Maux croisés

Jade Tigana

Je me souviens de cette guirlande qui clignotait sans cesse, de ce tabouret qui grinçait toujours un peu trop, du drap froissé par les griffes aiguisées du chat, de la nappe tâchée par mes gestes maladroits, du scintillement des verres et de leur reflet dans la vitre embuée, des assiettes trop propres à l'heure du repas, de l'odeur du soja à la tombée du jour, je me souviens..

Ce matin, j'ai interposé tous ces petits souvenirs dans une grande boîte. Je les regardais s'agiter avec fracas, mais de ces fracas dont on retire une certaine douceur, celle d'un éclat, mais d'un éclat qui résonne, un éclat presque musical..   Mes souvenirs, je les avais apprivoisé, j'avais dompté leur pluralité afin d'en saisir les nuances. Je me répétais sans cesse afin de m'en persuader : « mes souvenirs à moi, ils ne me sont pas familiers, ils sont davantage encore ».

Certains sentaient la rosée du matin, j'effleurais dés lors la vapeur d'eau qui s'était faufilée sur ma mémoire, et tout à coup, mon souvenir devenait caresse. Je le saisissais d'un geste subit, avant qu'il ne s'évapore, me donnant à voir dans toute son authenticité, l'art de la fugacité.

D'autres respiraient la musique, surtout ce dernier. Je me promenais aux abords d'une forêt, le vent berçait les ramées, celles-ci laissaient transparaitre un sifflement suave..  Les arbres ondoyaient avec tourment, et les feuilles, autrefois endormies, frissonnaient tendrement, laissant éclore la vivacité de leur couleur.. Je crois qu'ici, la forêt chantait.

  Cependant, mes souvenirs grandissent et ma boite n'est plus aussi grande qu'elle ne le paraissait autrefois. Alors, quelquefois, mes souvenirs  s'entrechoquent, leur collision crée un doux murmure ou bien un minuscule feu d'artifice. J'ai alors compris que chaque souvenir se battait pour ne pas mourir, ils veulent tous survivre à l'oubli..

 Aujourd'hui, j'ai rangé ma petite boite sous mon lit. Les souvenirs commençaient à m'envahir l'esprit, je m'agitais avec affliction, il fallait donc que cette submersion prenne fin, il fallait que je cesse de ruminer mon passé. Je me suis allongée à même le sol. Mon corps s'abandonnait enfin au monde qui l'entourait, mes mains ballantes effleuraient le parquet, et à cet instant, je ne voulais penser à rien, je désirais lâcher prise, je désirais n'être qu'un corps et non plus un esprit. Mais lorsque je fermais les yeux afin de m'assoupir, je pensais à Cloé. Cloé, c'était symboliquement celle qui détenait la clef de ma boite. Elle était la source de la plupart d'entre eux, elle était la mère de mes souvenirs, la reine de ma mémoire. Cependant, aujourd'hui, cette prépondérance était un fardeau. Je ne parvenais pas à me détacher de son image, bien que je m'étais délivrée de ses chaines. Elle était mon éternel retour, elle était la source, et le passé, par conséquent, résonnait encore bien trop dans mon présent.

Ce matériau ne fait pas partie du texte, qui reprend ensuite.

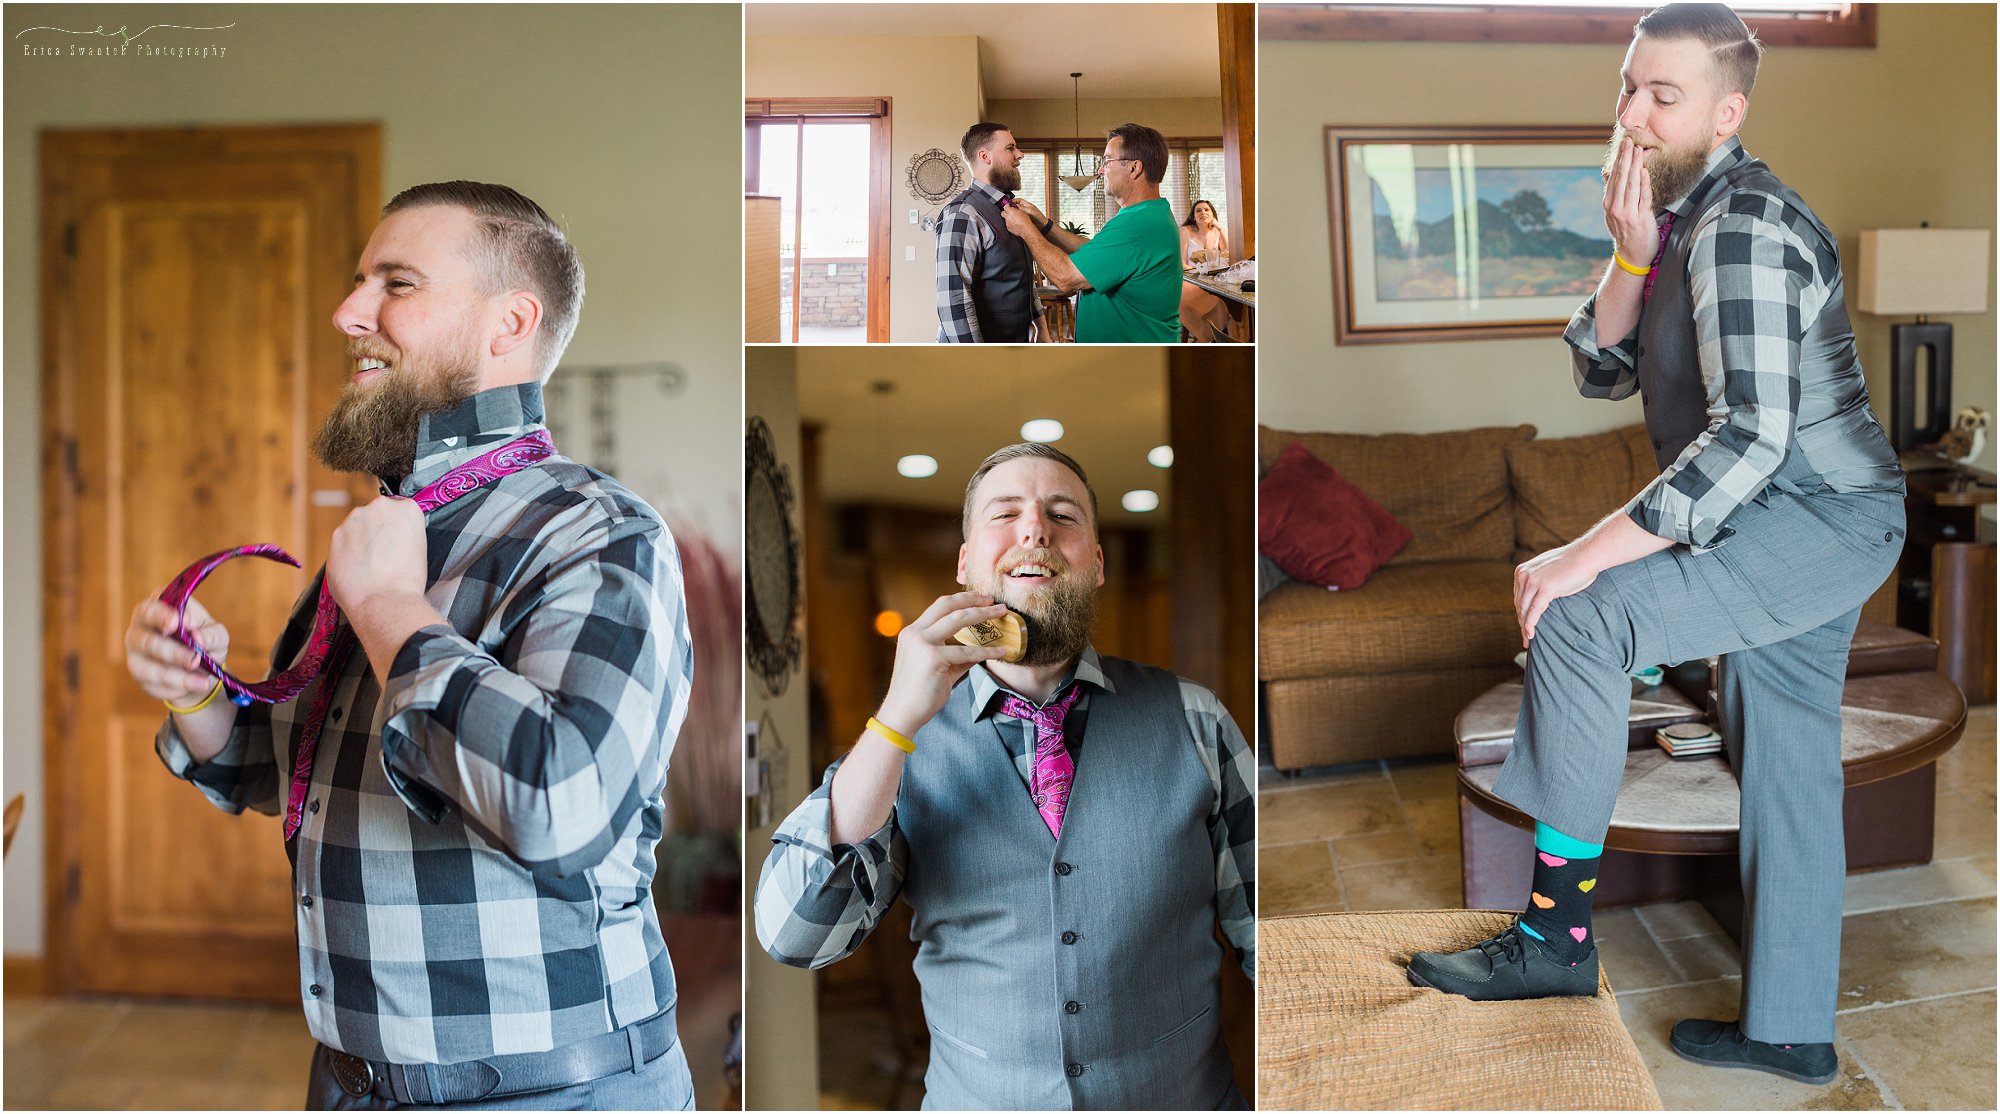 A groom prepares for his wedding day, combing his beard and putting on his unique socks for his intimate Oregon waterfall wedding near Bend, OR. | Erica Swantek Photography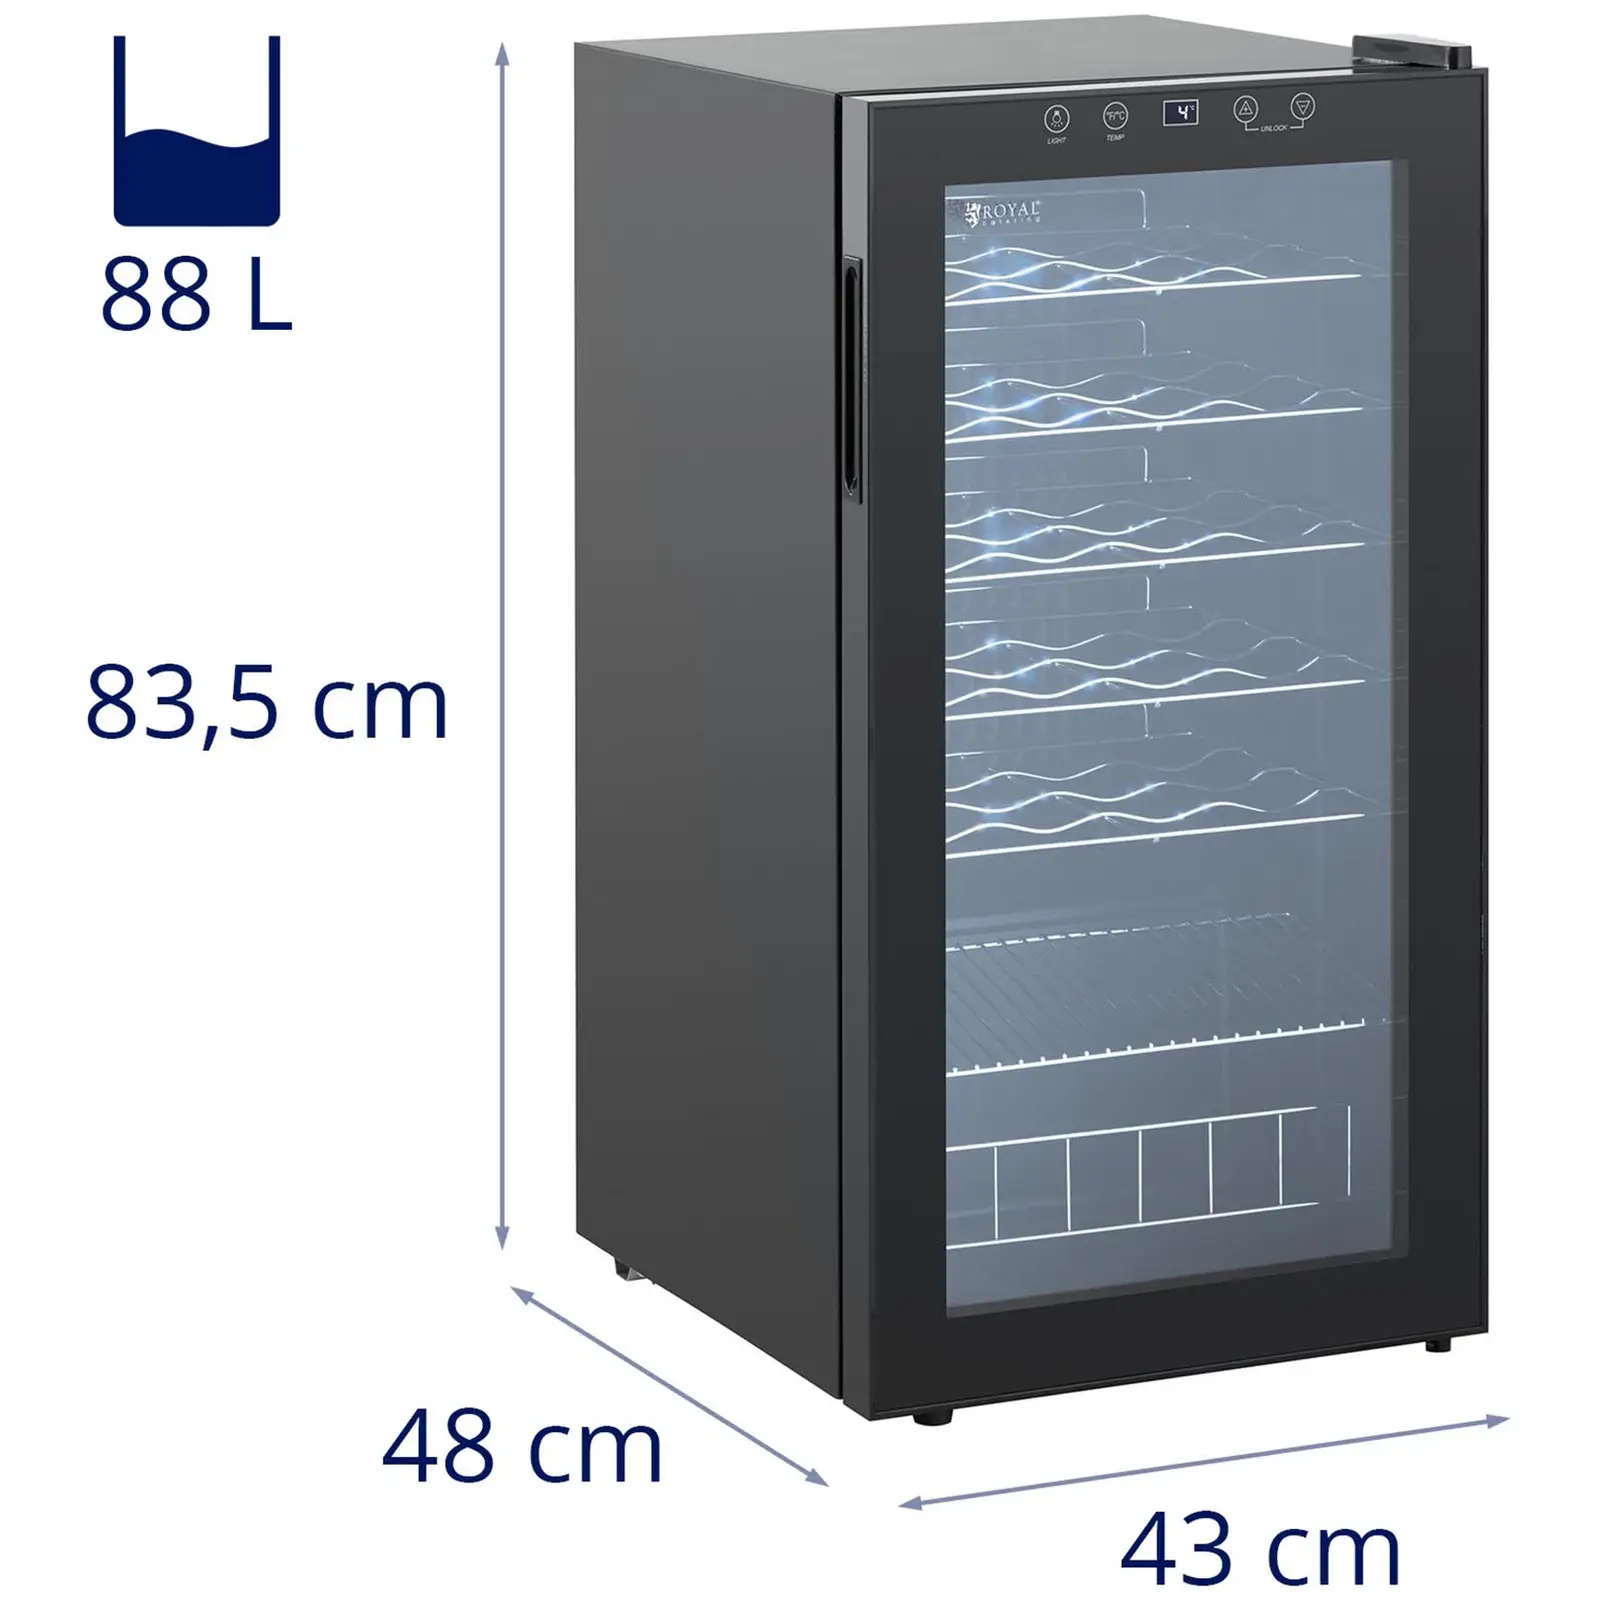 Wine Cooler - 88 l - Royal Catering - powder-coated steel - 7

 Quelquefois, elle s'immisçait furtivement dans mon sommeil, et me susurrait ces quelques mots au creux de mon oreille : « Ambre, en dépit de te voir, j'aimerai entendre ta voix. Elle ferait naitre de nouveau ton image en moi, j'ai besoin de nous recréer un monde. » Mais puisque je n'étais pas réceptive à ses dires, elle renchérissait allégrement. Peut être savait elle que je feignais d'entendre. « Je comprends. Tu n'as pas la force de nous façonner un avenir en promesse, alors, abordons notre passé. Et si l'on parlait de nos projets avortés ? Des paroles trop vite prononcées ? Et si l'on parlait de la vie à deux que l'on n'a pas mené ? ». A ces mots, ma respiration s'accéléra, mon cœur palpitait, j'haletais. Dans un soupir de désespoir, je répondis « La conversation n'en serait que plus vide, elle ne porterait que sur l'absence, Cloé. » Et elle rétorqua, d'une voix monocorde «  Mais ce n'est pas de cette absence, ma fée, dont on est emplis ? ».